Friday, June 15, 2007

Perspective: The enemy's new tools in Iraq


Saif Abdallah says his inventions have helped kill or maim scores, possibly hundreds, of Americans. For more than four years, he has been developing remote-control devices that Sunni insurgents use to detonate improvised explosive devices (IEDs), the roadside bombs that are the No. 1 killer of U.S. soldiers in Iraq. The only time he ever felt a pang of regret was in the spring of 2006, when he heard that the Pentagon, in a bid to fight the growing IED menace, had roped in a team of scientists from the Massachusetts Institute of Technology. Abdallah, an electronics engineer by training, once dreamed of studying for a Ph.D. there. "I thought to myself, If my life had gone differently, who knows?
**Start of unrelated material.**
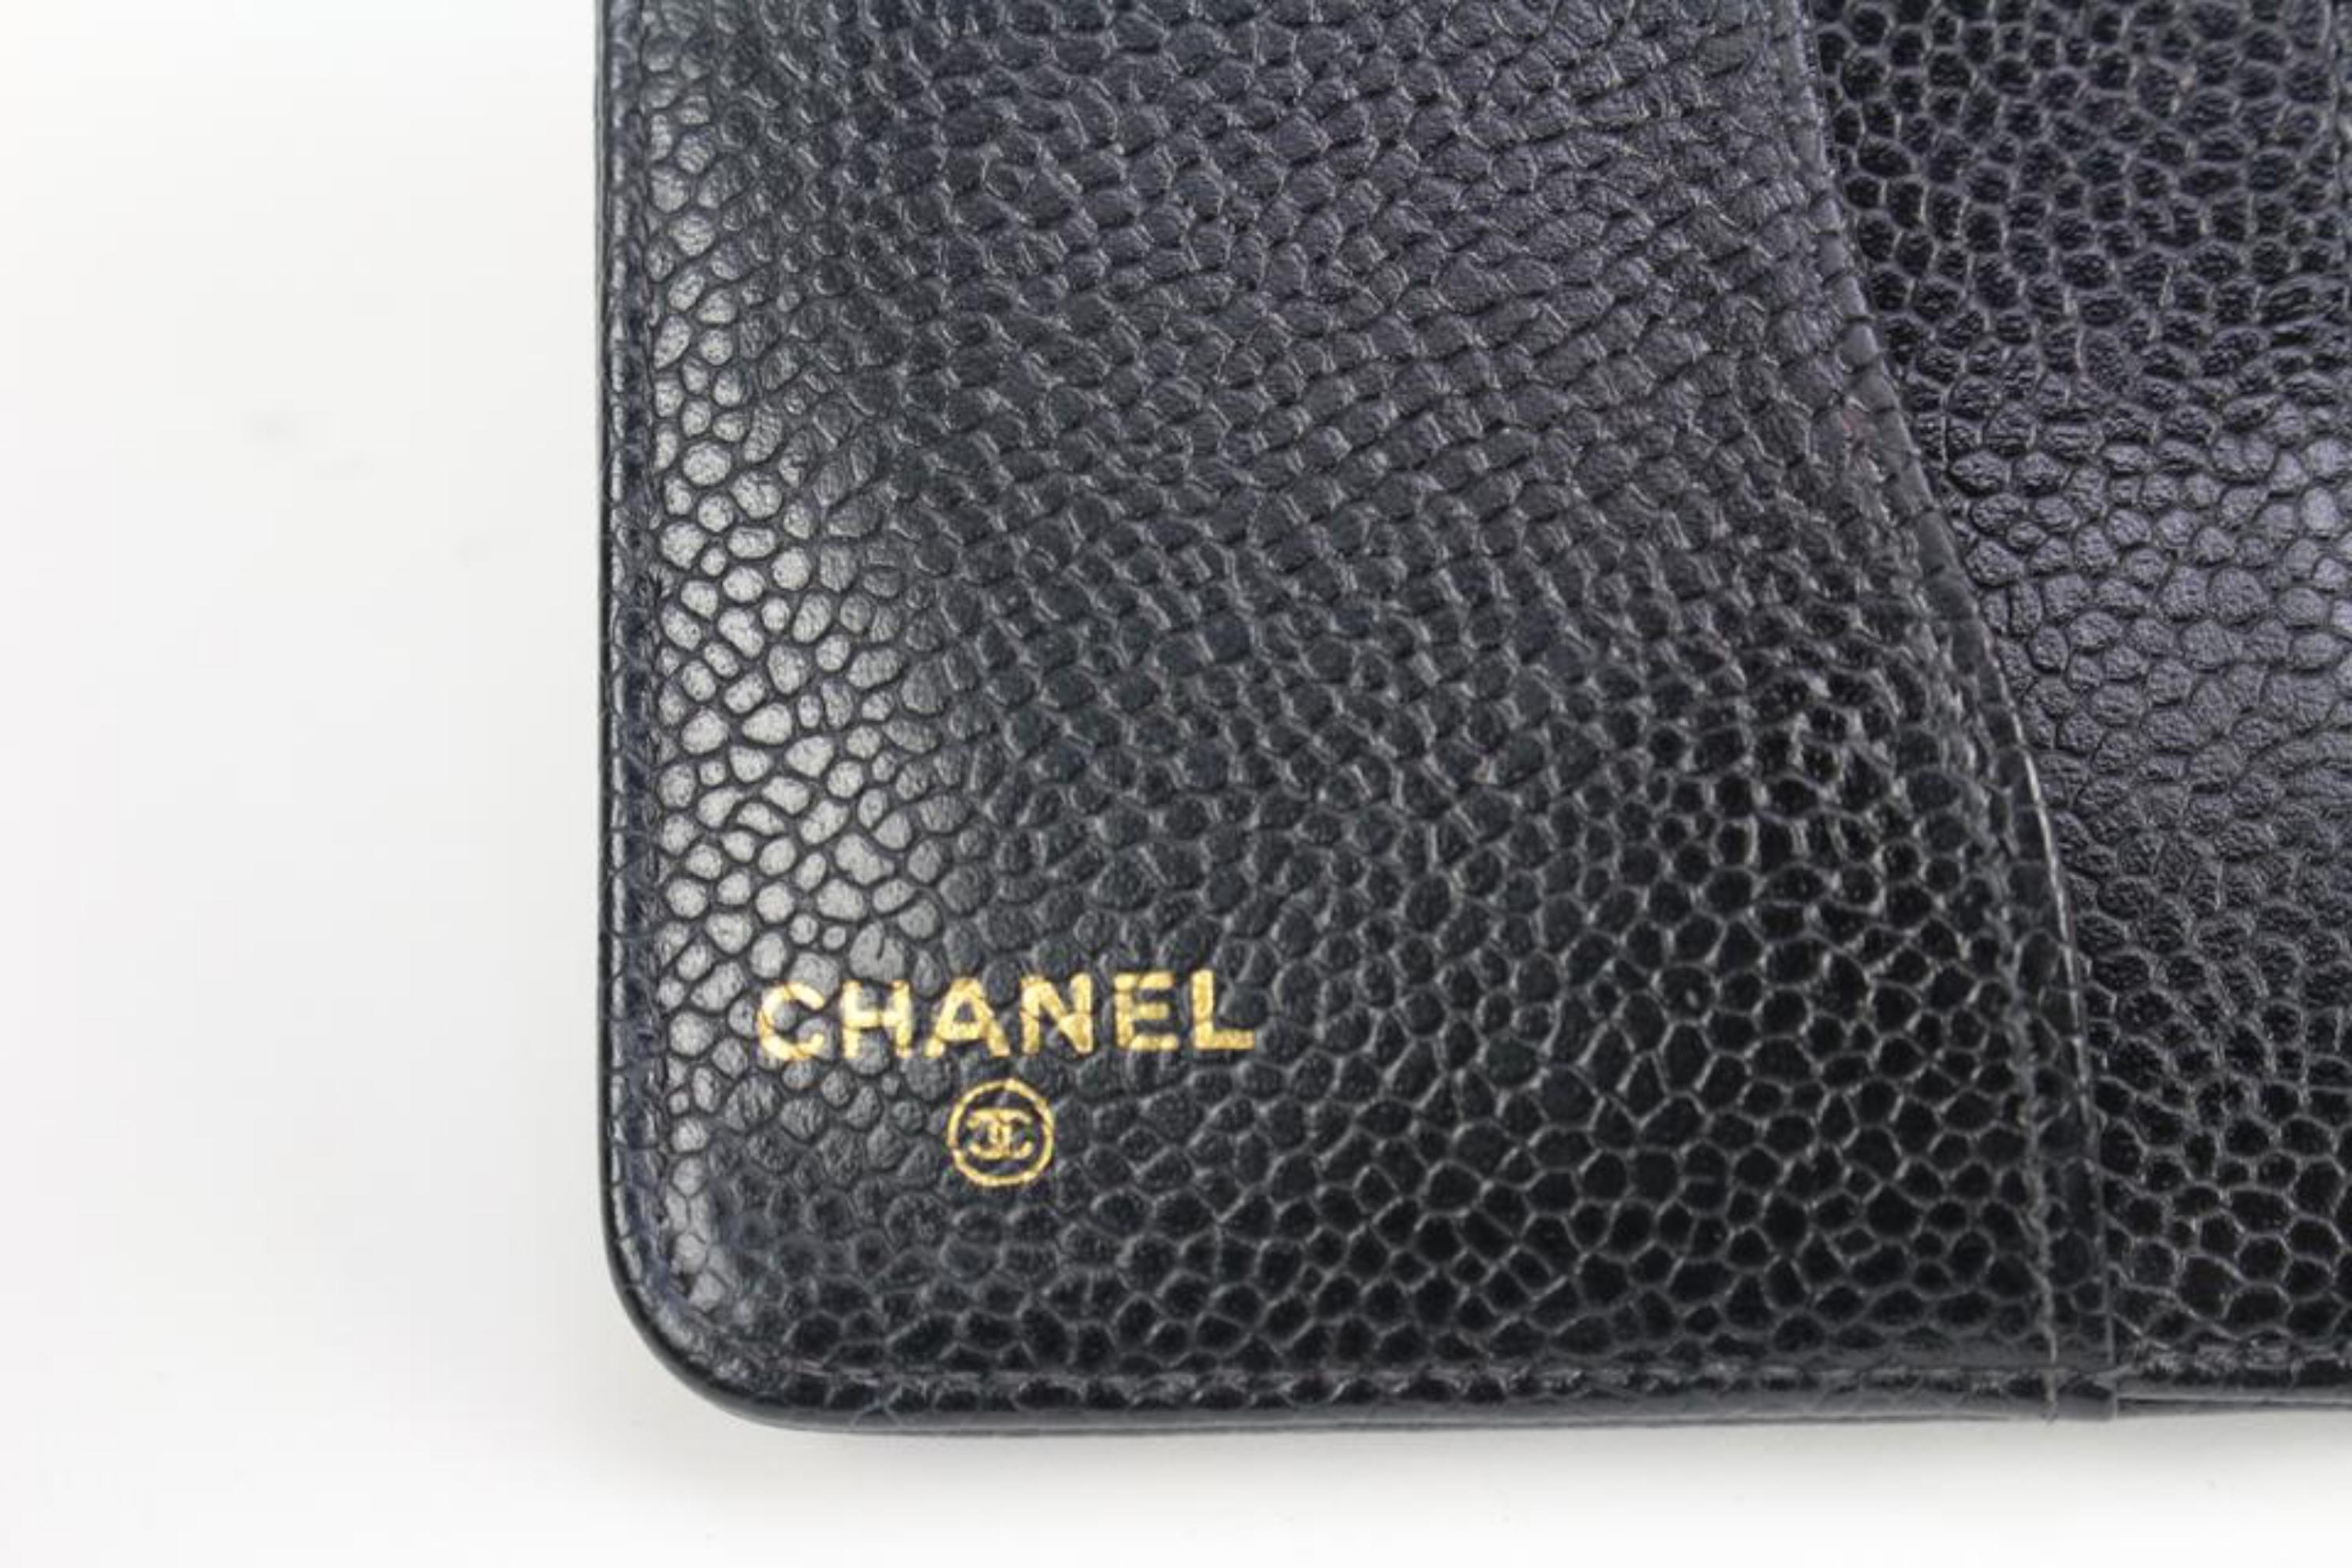 Chanel Black Caviar Leather Agenda Cover 98cz412s 1

I might have been on that team," he says, his eyes widening as he imagines that now impossible scenario. Then he shrugs. "God decided I should be on the other side."

Thin-voiced and thickly bespectacled, Abdallah, 28, fits every geek stereotype, right down to the acne and the flash drive on his key chain. His laboratory is a workbench in the bedroom of his Baghdad home. He says his tools are primitive — soldering irons, old printed circuit boards, discarded TV remotes and other bits of electronic detritus. But he has a talent for fashioning instruments of death from such dreck, turning an old toy walkie-talkie into a trigger for an explosion 100 yards away or programming a washing-machine timer to set off an IED two hours later.